The postoperative phase for a rhinoplasty lasts approximately one year. The healing from a rhinoplasty is a very long, slow process. In the immediate postoperative phase directly after the surgery there can be some mild nausea and vomiting associated with the anesthetic. A cast is usually placed across the bridge of the nose and stays on for approximately five to six days after the rhinoplasty procedure. There is no packing placed on the inside of the nose. A simple mustache dressing or drip pad is placed underneath the nose for the first 24 hours after the nasal surgery. Bruising and swelling lasts approximately two weeks after the surgery. Patients are able to get back into their social work environment after two weeks without any detectability of having had a rhinoplasty surgery. Depending upon the tip technique, most of the swelling will remain in the tip of the nose for upwards of a year. The majority of tip swelling occurs from lymphatic edema, which settles down in the tip and has to re-channelize and move out of the nasal tip. Occasionally cortisone shots in the first month or two after the surgery can be performed to the nasal tip to speed this recovery. Approximately 20% of the swelling in the nasal tip is still present two months after the surgery. The nasal bridge tends to take shape much faster than the tip, and usually by about the first month most people are really starting to see the shape of their new nose. Occasionally, minor touch-up procedures are performed on the nasal bridge if a small irregularity occurs in the six-month postoperative timeframe.
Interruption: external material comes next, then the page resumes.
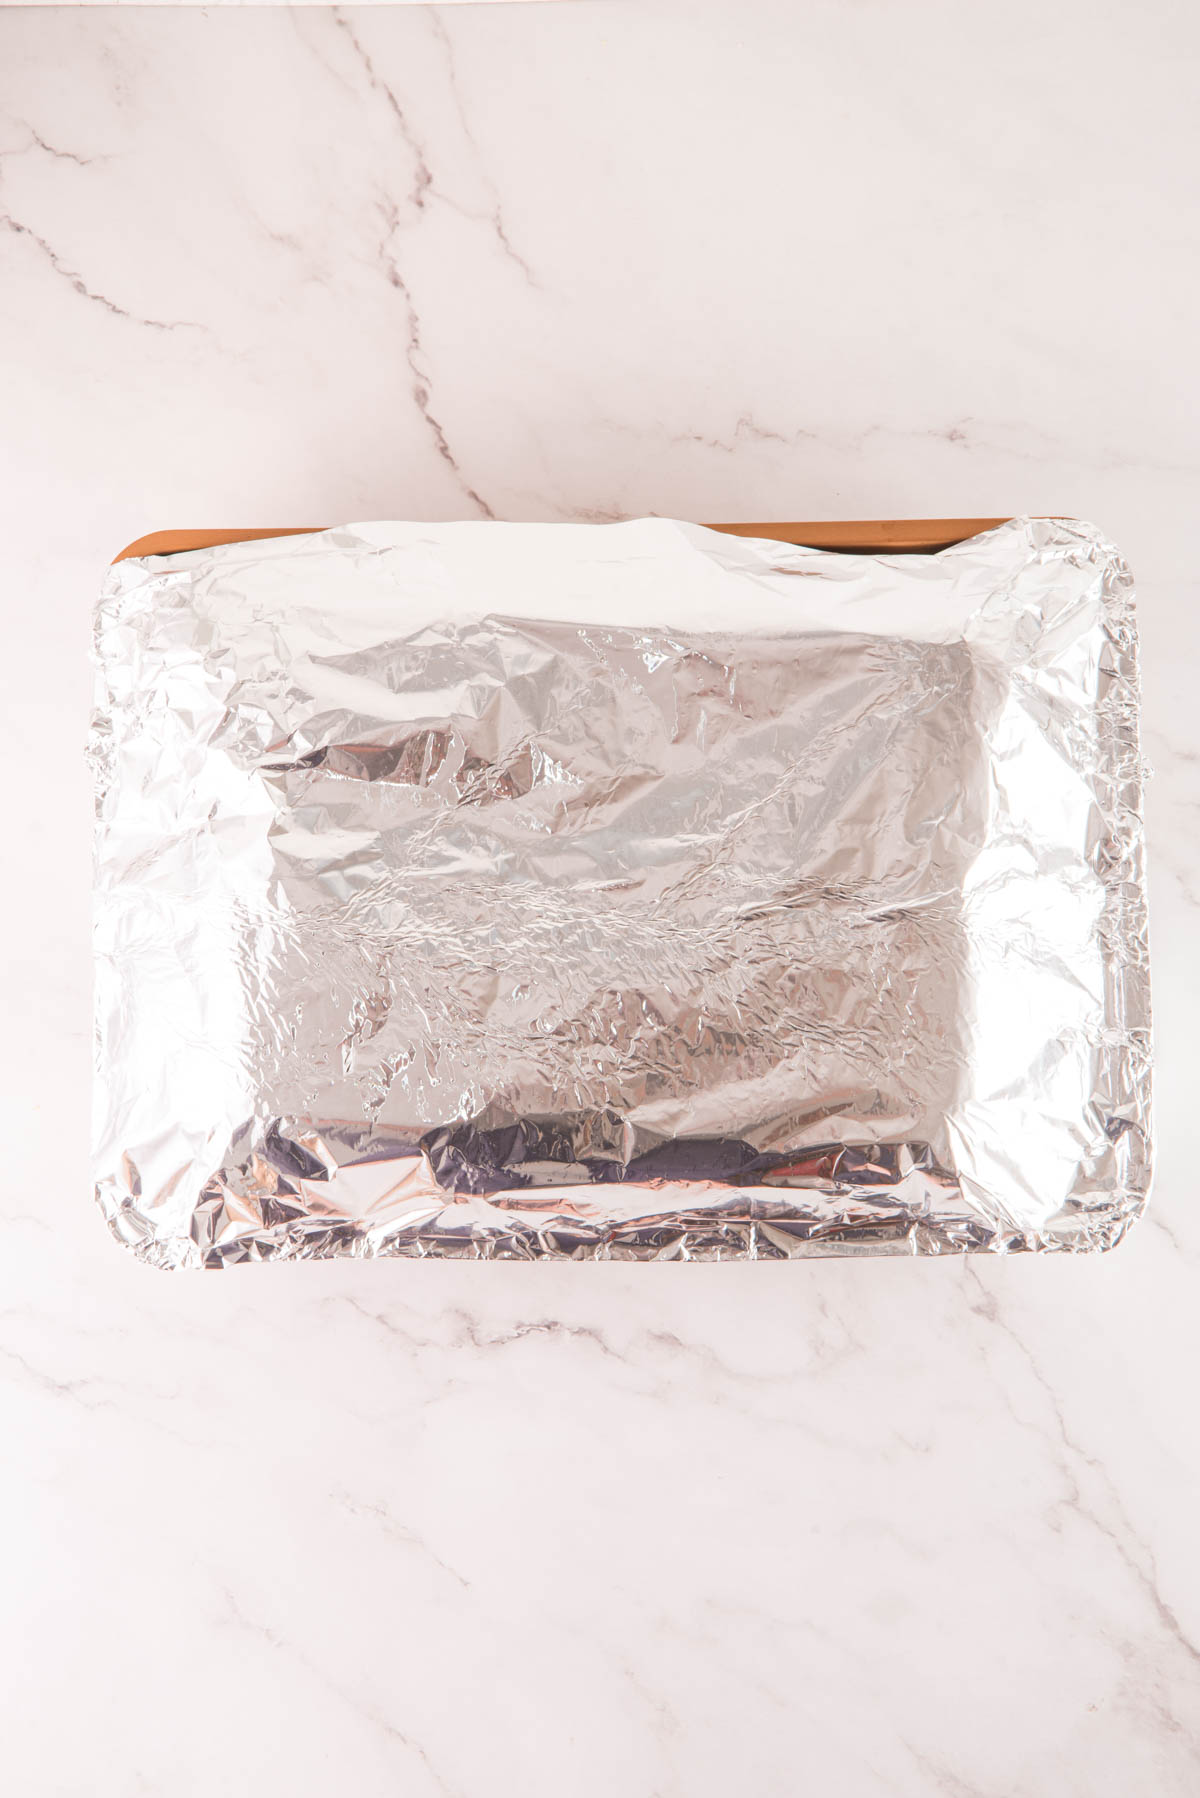 Aluminum foil covering a pan

With regards to a deviated septum surgery, typically patients are not able to breathe out of their nose for one week, and starting at about the second or third week the breathing becomes much easier and less congested. The deviated septum surgery can be done at the same time as a fractured broken nose or a rhinoplasty. A minimal amount of narcotic pain pills are taken in the postoperative phase, and many patients just take Extra-Strength Tylenol. Patients return to the Seattle Rhinoplasty Center to see Dr. Portuese at the first week after the surgery to remove the cast. Patients then return in approximately one, month, three months, six months, and twelve months postoperatively to check on the progress of their new nose.

Conclusion

Dr. Portuese and his staff take great pride in realizing a patient’s desire of having a new nose. We specialize in rhinoplasty at our center, and Dr. Portuese has performed thousands of nasal surgeries, which includes rhinoplasty, deviated septum, and broken nose surgeries for the last 20 years in private practice. A very large percentage of our practice involves nasal surgery of some type, and we are pleased to offer our services to our patients.